‘Redundancy may just end up being your best ever career move’


End of An Era for 2UE News.

Anger at ABC Over Local News Cuts.

Fairfax Strike Continues Over Newsroom Job Cuts.

These are just a few of the headlines from the past 18 months that strike fear into every working journo, seemingly lucky to have a job.

Sarah Patterson is a radio journalist who has worked in the industry for more than 25 years. 
For three years, she was the newsreader for Eddie McGuire‘s Hot Breakfast Show on Triple M in Melbourne.

Over the years, she has also worked at Fox FM, Gold FM, Smooth FM, Nova, SEN and RSN 927.

And she has been made redundant twice, including recently.

Sarah shares her story exclusively with radionfo.

Your services are no longer required, Sarah.”

As I sat at my newsroom desk – diligently tapping out my midday bulletin – I had no idea I would soon hear these words and my job would be gone in the space of ten minutes. Young and naïve in my first cap city FM radio job, I can’t believe I didn’t see it coming.

The first sign should have been the unfamiliar man in the flashy suit who popped his head around the newsroom door and informed me – in a very brisk manner – “You’re needed upstairs.” I glanced up at the clock and then back at him.

Who was this person?

“OK. I just have to read the midday news.”

His expression told me the midday news was the least of my worries. That much was crystal clear. Still, the penny didn’t drop.

“You need to come now.” 

I wasn’t at all anxious about this mysterious trip upstairs with this grim-faced stranger. The only thing stressing me out was getting back downstairs in time to get my bulletin to air.

I shouldn’t have worried. My bulletin never saw the light of day.

I was shown into an office I’d never been in before, and sat opposite another flashy-suited man I hadn’t met before. I still don’t remember his name, but it quickly became apparent that my midday headlines were  nothing compared with the news he was about to break: that I was one of several unsuspecting heads lined up like a row of Christmas turkeys on the company chopping block.

With a cold, professional look on his face he informed me my position had been made redundant. I was to pack up my things and leave. Immediately.

I’m glad he wasn’t a doctor because quite frankly, his bedside manner sucked.

But I got the message, loud and clear.

Scram. Vamoose. Sayonara! Hand in your security pass ASAP and make sure that door doesn’t whack your redundant arse on the way out.

As I wandered back downstairs like a lost sheep that had just been hit with the stun gun, I heard the midday news going to air … read by someone else, in a studio several suburbs away. As it turns out, all the arrangements had been made weeks ago. This time, I wasn’t first with the news.

My greatest mistake was to take it personally. I felt like an absolute failure.

As I cleared out my drawers, one of the station’s engineers – a lovely, gentle soul – came in and gave me a hug. He seemed apologetic as he admitted to me he’d known about it all along, because he’d been overseeing a lot of the technical groundwork to make it happen. But he hadn’t been allowed to tell me.
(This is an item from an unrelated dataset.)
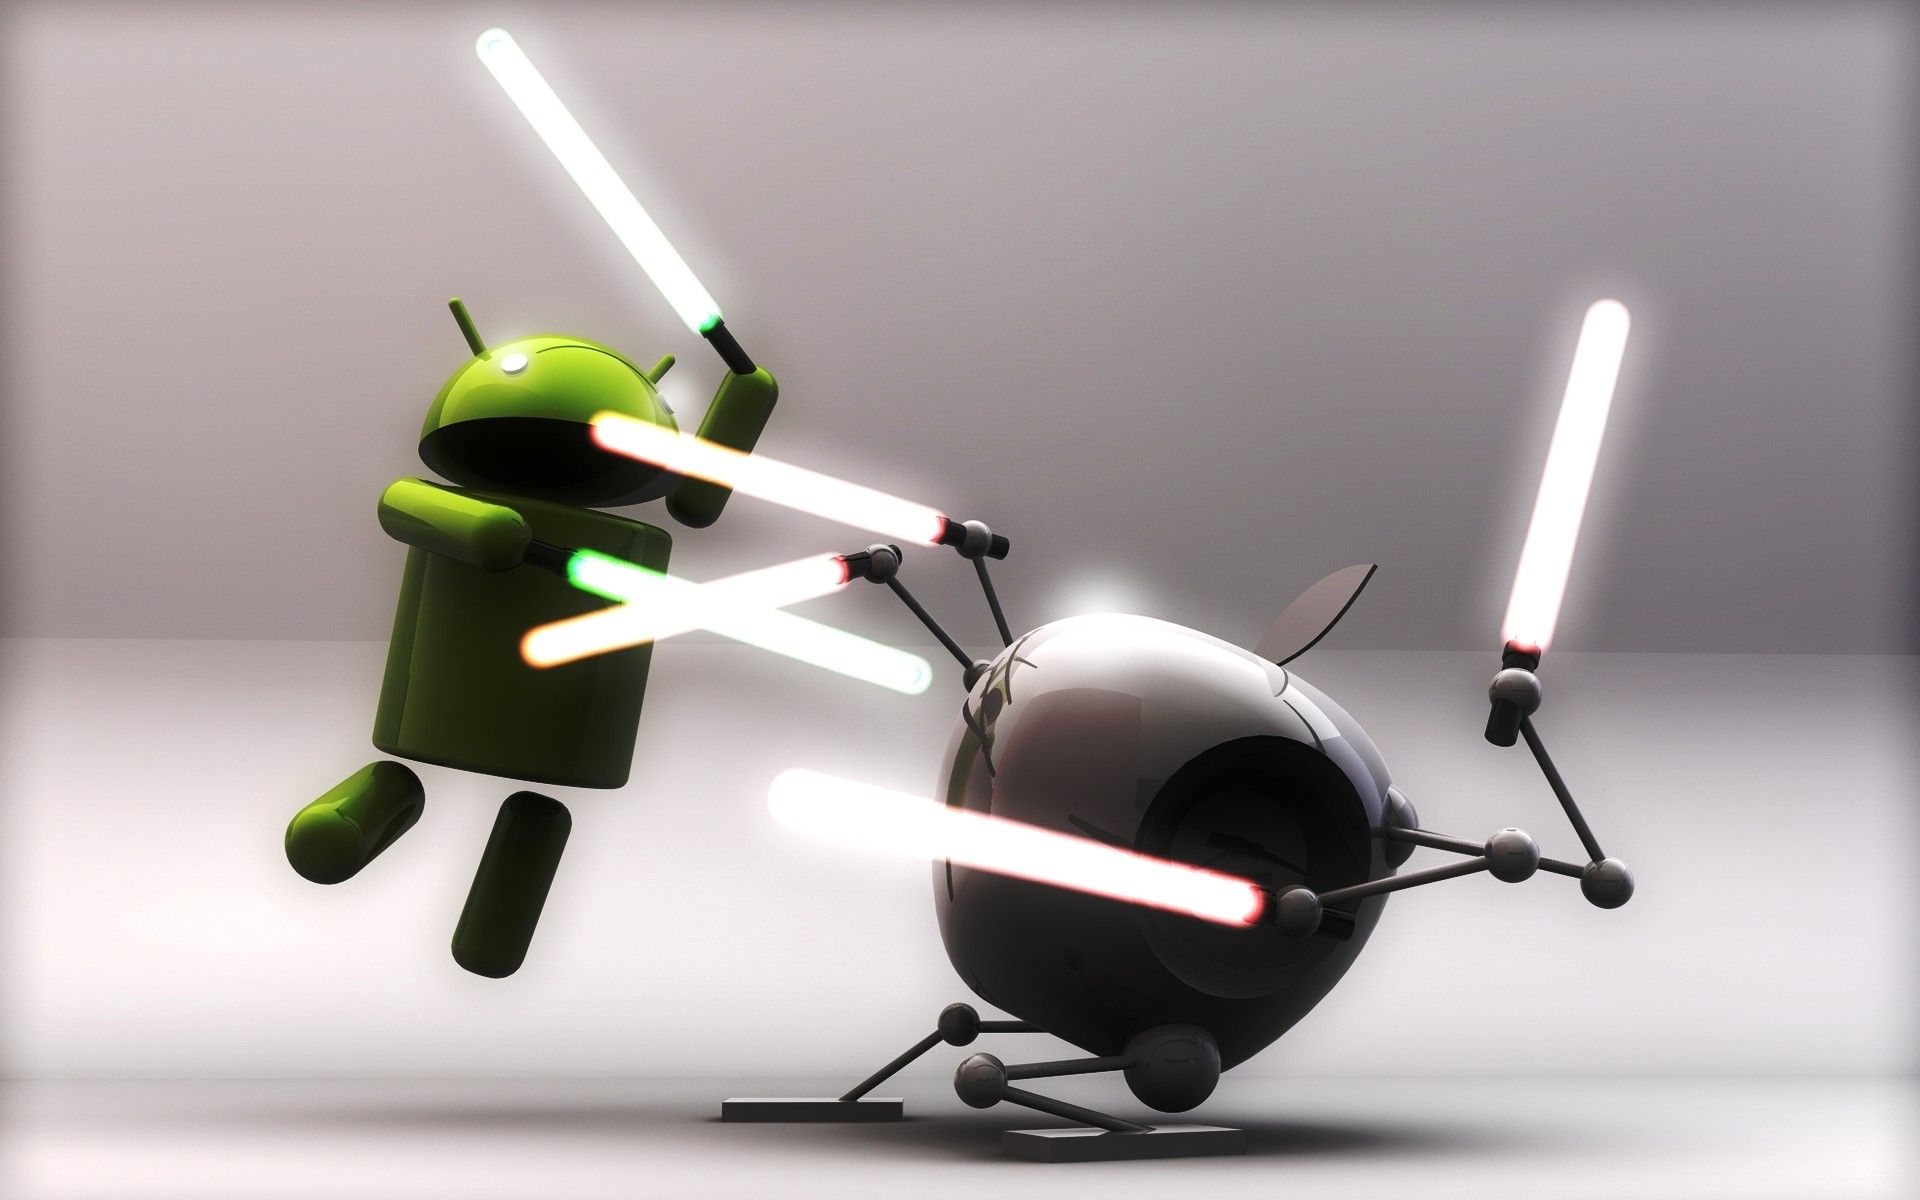 Apple Vs Android Wallpaper Full HD Search

I felt bad that HE felt bad, and terrible that he’d been placed in such an awkward position. He had nothing whatsoever to apologise for.

Several people in the newsroom lost their jobs that day, as operations shrank and shifted elsewhere. I heard later that the blood on the floor had barely dried when one of the on-air stars suggested that the now vacant space would make an excellent jocks’ room.

Here is the great irony: within days, the same company that made me redundant re-hired me as a casual. A second radio station also offered me casual work. Suddenly my dance card was unexpectedly full, before the reality of my axing had even sunk in.

That was the mid-nineties. Fast forward a couple of decades to 2017 and there I am again, seated behind another big table at another big cap city FM station – older and wiser – with a long, white envelope being gingerly pushed in my direction.


I think about saying the word out loud with an Arnie Schwarzenegger accent, just to lighten the mood. Instead, I carefully place the envelope in my bag, politely smile and exit the room.
This time – instead of feeling like a failure – I genuinely believe that this is the company’s loss, not mine. And just like in the nineties, I am soon offered work by other radio stations.

For me, being made redundant in my late forties was a hell of a lot easier to swallow than being given the flick in my mid twenties. Naivety makes way for wisdom, and the knowledge that nobody in radio is indispensible.
Unlike the day I was blindsided, this time I knew my days were numbered. And this time, I felt not shock, but a sense of relief.

The landscape of radio news is changing dramatically. There are trends such as ‘observational journalism’ which just don’t sit comfortably with me. Interviewing a dietician to analyse the nutritional value of that chicken schnitzel roll you ordered for lunch, or reporting on how many people prefer pineapple on their pizzas is not news, nor should it be described as such.

I’ve had more than twenty years since my first redundancy to realise I’ve had a really good run in radio.

My advice if it happens to you? Don’t take it personally. Life goes on. Dust yourself off. And if you feel radio is no longer the right fit for you (or vice versa), think outside the square. You just need to work out how to apply your skill base elsewhere.

Redundancy may just end up being your best ever career move.